穿深灰夹克的女委员左手轻轻按了下桌底按钮。她的终端屏幕亮起,弹出一条加密批注请求。她没点开,只是把笔帽拧紧一圈,再松半圈,动作轻得像在调节增益旋钮。
老委员把水杯又往右移了两厘米。
杯底湿痕与搪瓷缸投影形成新的对称轴。
年轻委员终于抬起屁股,从后袋抽出一张折叠整齐的打印纸。展开,铺在自己面前。是草案副本。
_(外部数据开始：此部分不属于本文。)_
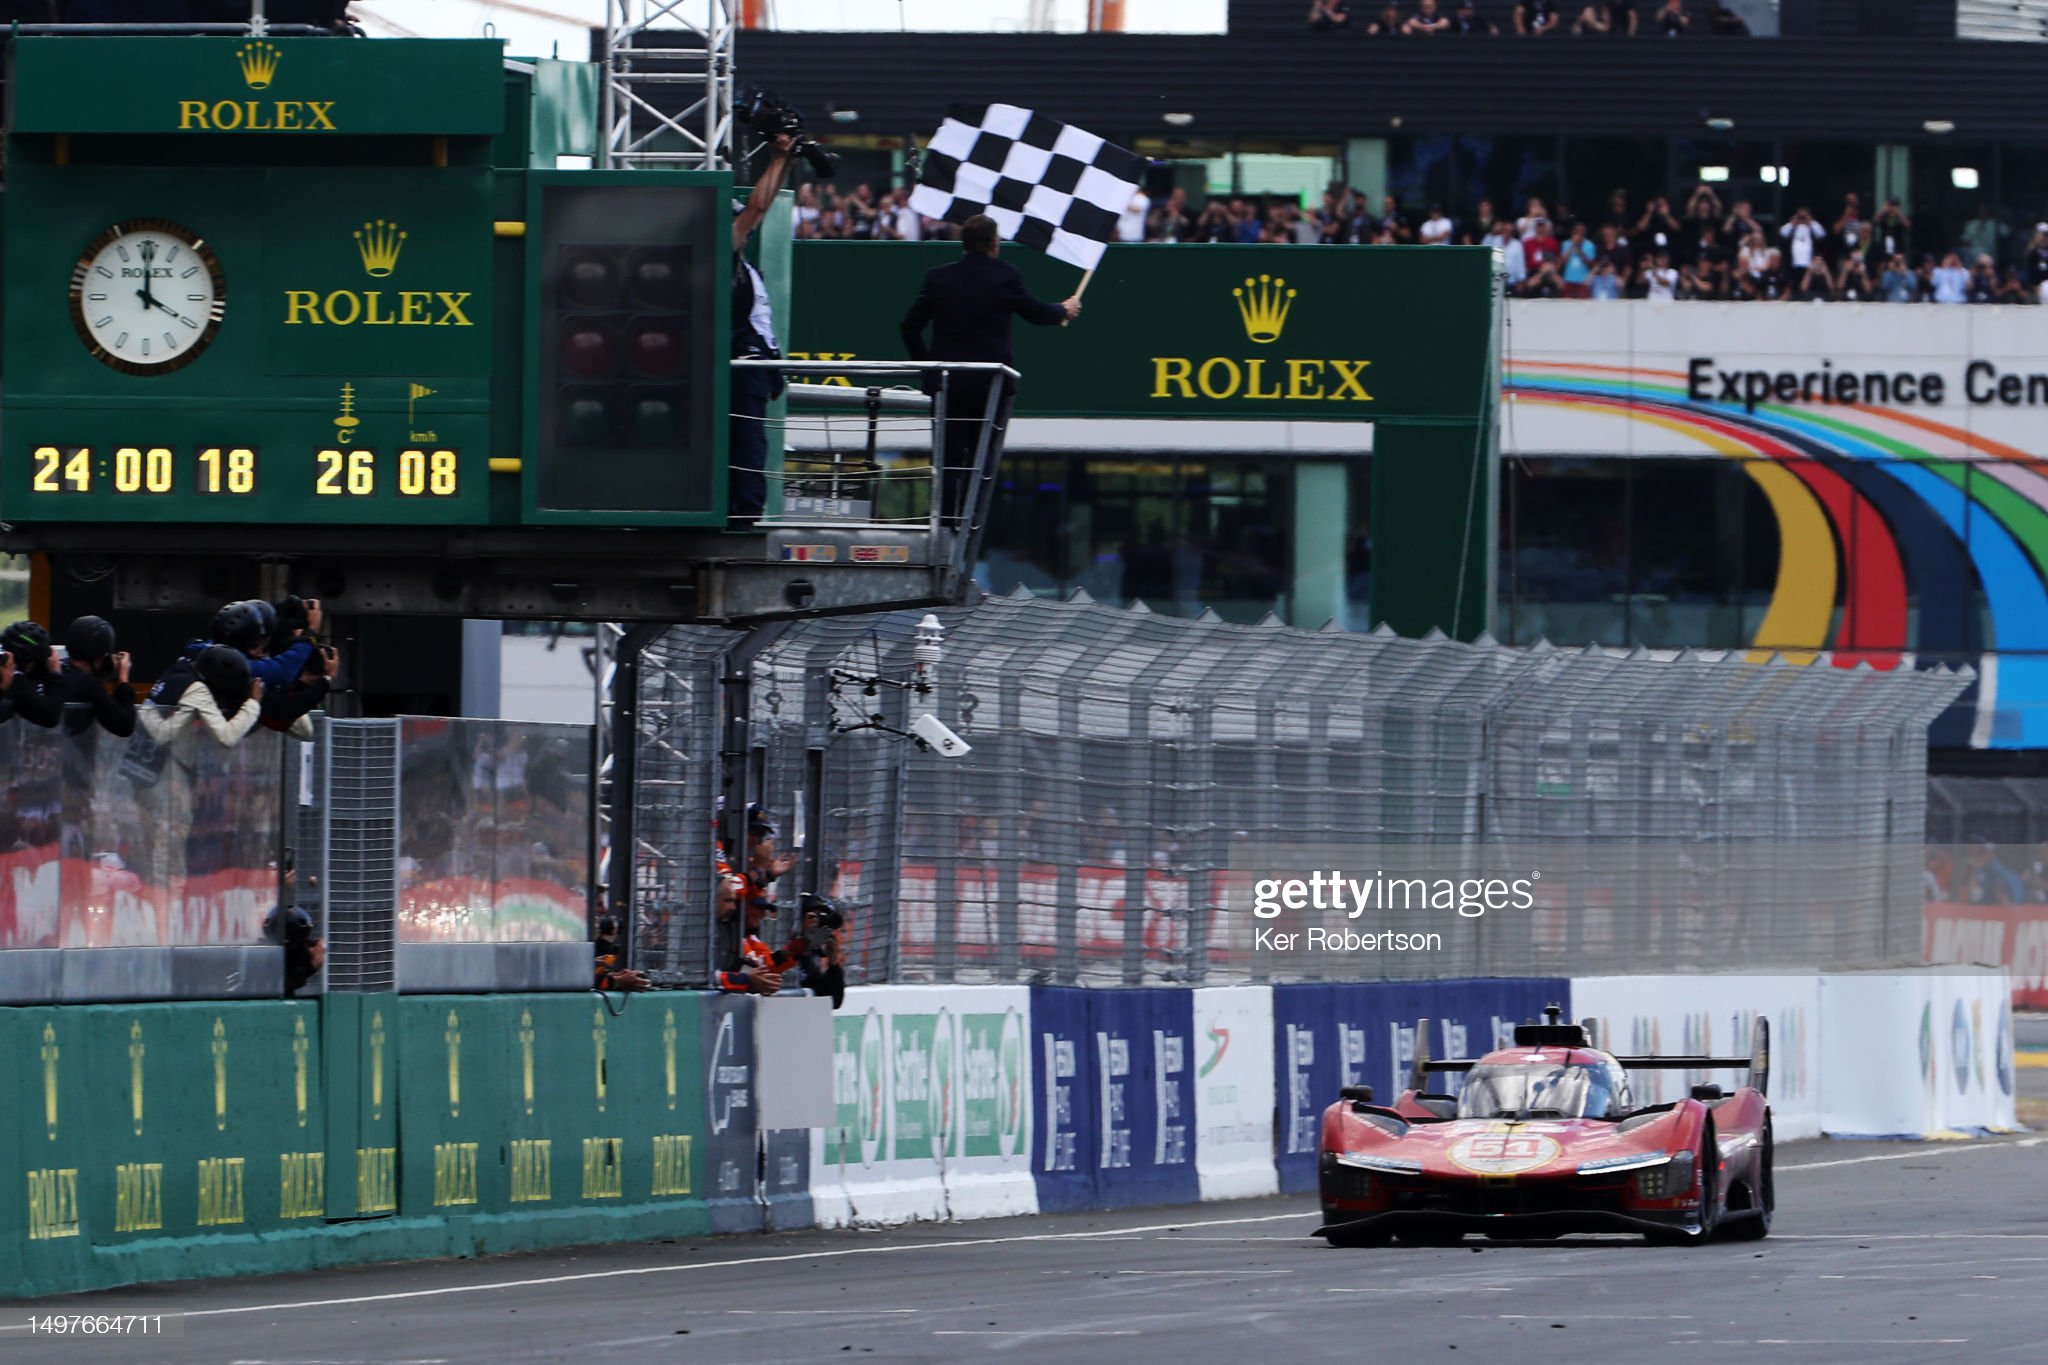 The race winning Ferrari 499P of Alessandro Pier Guidi (driving), James Calado and Antonio Giovinazzi takes the checkered flag at the finish of the 100th anniversary 24 Hours of Le Mans race at the Circuit de la Sarthe on June 11, 2023 in Le Mans, France.

他没签名,也没写批注,只是用指甲在“置信度分级”那一栏轻轻划了一道直线。
像是做了个标记。
也像是投了赞成票。
陈砚依旧没动。
目光扫过主控桌边缘,确认草案位置没偏移。纸角压住了那道划痕的末端,像焊点封死了断裂的线路。
他知道这还没完。
这只是第三条。
试行稿。
不是终版。
更不是法条。
但它已经进来了。
不是被允许的。
是自己走进来的。
就像他坐进这个会议室一样。
不是谁给的资格。
是他一次次任务响应、一串串修正参数、一场场危机干预,把自己抬到了这里。
现在他递出了第二条线。
不是命令。
不是挑战。
是一份可执行的协议草案。
外面天快亮了。
监控反光里,秦院士办公室的灯还亮着。红笔仍悬在《白皮书草案》上方,但笔尖距纸面只剩一毫米。他换了支笔,也换了姿势,身体前倾,像是在等某个参数自然浮现。
他没关同步画面。
也没接通麦克风。
只是看着会议厅里那只旧搪瓷缸,看着它反射出的一小片光斑,慢慢移到主控屏边框。
屏幕自动调光,亮度降了5%。
色温也变了,往冷灰偏了一度。
有人眨了眨眼,适应变化。
陈砚右手搭回左腕。脉搏72次/分钟。
呼吸平稳。
草案已提交。
未获即时回应。
等待审议启动。
位置未变。
心理未撤。
核心场域仍在。
真正的测试才刚开始。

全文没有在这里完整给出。